■ **Aim of the task**
Copy exactly the stretch of data below from the line with "T-shirts: Charcoal Lion" through the line with "销售 PE填充母料生产厂家 惠州 东莞 广州填充母料供应商", including both of those lines.

■ **Given records**
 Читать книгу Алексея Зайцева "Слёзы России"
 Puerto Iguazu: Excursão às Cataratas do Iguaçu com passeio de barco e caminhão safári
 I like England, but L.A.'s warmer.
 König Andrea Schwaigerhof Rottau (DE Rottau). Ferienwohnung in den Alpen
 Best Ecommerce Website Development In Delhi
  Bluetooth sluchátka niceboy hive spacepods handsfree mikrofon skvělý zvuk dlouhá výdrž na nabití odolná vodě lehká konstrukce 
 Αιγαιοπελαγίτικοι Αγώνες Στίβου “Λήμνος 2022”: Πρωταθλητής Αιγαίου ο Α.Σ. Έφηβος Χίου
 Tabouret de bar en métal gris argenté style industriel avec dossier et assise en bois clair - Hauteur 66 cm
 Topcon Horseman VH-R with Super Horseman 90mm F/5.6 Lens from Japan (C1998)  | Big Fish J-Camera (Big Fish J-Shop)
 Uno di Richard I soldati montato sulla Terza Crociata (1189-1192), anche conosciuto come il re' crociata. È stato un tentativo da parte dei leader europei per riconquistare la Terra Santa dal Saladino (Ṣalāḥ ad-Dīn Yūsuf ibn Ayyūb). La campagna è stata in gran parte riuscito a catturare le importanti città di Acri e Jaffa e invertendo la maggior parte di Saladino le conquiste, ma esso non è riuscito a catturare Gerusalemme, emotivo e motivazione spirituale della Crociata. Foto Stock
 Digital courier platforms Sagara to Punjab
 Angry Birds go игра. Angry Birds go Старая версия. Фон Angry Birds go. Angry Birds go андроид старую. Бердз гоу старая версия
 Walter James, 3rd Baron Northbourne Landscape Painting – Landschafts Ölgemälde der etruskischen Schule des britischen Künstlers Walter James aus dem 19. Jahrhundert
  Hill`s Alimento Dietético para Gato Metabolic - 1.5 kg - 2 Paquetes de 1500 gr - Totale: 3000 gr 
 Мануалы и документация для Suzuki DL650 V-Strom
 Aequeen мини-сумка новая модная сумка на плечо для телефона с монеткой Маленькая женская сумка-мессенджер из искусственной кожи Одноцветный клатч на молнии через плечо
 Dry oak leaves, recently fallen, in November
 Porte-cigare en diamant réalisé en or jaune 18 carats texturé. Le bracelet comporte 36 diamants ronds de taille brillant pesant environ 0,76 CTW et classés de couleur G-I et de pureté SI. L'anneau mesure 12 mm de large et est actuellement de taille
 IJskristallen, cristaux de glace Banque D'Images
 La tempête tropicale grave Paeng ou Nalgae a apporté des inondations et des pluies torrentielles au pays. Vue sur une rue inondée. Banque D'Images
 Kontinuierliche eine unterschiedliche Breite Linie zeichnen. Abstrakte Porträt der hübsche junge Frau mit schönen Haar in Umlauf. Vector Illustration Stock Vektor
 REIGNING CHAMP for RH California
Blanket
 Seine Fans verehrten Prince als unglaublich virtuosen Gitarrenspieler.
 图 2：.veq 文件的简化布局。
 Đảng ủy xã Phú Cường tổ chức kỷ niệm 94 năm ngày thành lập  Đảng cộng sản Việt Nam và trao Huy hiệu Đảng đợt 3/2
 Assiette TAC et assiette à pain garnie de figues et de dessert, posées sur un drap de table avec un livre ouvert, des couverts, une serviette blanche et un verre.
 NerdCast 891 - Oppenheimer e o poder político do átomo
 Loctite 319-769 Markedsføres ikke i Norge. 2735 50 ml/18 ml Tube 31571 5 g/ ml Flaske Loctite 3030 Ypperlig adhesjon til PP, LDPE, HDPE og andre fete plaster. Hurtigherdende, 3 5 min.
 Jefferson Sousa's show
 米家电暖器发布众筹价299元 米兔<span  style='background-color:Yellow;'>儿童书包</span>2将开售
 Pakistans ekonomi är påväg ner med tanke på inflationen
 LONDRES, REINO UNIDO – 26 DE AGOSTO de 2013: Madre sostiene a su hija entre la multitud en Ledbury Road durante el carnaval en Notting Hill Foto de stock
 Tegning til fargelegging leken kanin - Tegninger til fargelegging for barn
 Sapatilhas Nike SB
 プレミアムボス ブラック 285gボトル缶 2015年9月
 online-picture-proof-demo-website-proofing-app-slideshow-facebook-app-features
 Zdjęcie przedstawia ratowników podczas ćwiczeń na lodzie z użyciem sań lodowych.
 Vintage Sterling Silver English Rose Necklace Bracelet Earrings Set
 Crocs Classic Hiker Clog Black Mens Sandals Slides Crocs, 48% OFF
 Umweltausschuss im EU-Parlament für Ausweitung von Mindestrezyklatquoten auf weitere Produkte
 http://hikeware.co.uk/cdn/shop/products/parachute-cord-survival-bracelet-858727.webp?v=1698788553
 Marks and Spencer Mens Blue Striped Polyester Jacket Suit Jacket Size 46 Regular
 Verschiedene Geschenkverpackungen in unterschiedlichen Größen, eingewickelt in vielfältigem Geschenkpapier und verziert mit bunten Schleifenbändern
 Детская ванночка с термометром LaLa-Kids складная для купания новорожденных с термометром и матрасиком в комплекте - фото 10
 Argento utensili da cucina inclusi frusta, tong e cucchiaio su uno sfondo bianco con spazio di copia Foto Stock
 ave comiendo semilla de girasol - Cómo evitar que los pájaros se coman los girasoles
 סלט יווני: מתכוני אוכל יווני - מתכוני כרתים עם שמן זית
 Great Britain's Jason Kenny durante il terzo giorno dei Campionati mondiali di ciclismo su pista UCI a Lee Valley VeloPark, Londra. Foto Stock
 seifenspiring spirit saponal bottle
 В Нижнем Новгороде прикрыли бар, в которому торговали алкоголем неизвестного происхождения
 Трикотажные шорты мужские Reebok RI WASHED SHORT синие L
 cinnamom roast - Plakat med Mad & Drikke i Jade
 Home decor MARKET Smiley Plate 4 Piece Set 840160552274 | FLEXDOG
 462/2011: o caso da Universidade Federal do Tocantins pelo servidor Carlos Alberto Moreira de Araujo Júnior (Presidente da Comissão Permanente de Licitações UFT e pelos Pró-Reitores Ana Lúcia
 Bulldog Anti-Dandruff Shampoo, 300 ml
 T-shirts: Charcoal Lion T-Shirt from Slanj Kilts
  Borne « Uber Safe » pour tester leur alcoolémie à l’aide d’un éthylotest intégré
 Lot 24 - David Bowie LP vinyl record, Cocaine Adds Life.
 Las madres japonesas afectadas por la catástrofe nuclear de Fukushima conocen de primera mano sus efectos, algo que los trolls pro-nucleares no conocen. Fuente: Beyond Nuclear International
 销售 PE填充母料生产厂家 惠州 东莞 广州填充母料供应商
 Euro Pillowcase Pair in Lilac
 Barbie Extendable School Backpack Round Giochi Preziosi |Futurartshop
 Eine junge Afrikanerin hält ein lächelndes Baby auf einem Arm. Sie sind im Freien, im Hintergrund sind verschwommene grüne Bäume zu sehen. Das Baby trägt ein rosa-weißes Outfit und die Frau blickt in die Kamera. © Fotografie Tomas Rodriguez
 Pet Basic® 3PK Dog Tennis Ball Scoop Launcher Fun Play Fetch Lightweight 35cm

■ **Answer to this task**
 T-shirts: Charcoal Lion T-Shirt from Slanj Kilts
  Borne « Uber Safe » pour tester leur alcoolémie à l’aide d’un éthylotest intégré
 Lot 24 - David Bowie LP vinyl record, Cocaine Adds Life.
 Las madres japonesas afectadas por la catástrofe nuclear de Fukushima conocen de primera mano sus efectos, algo que los trolls pro-nucleares no conocen. Fuente: Beyond Nuclear International
 销售 PE填充母料生产厂家 惠州 东莞 广州填充母料供应商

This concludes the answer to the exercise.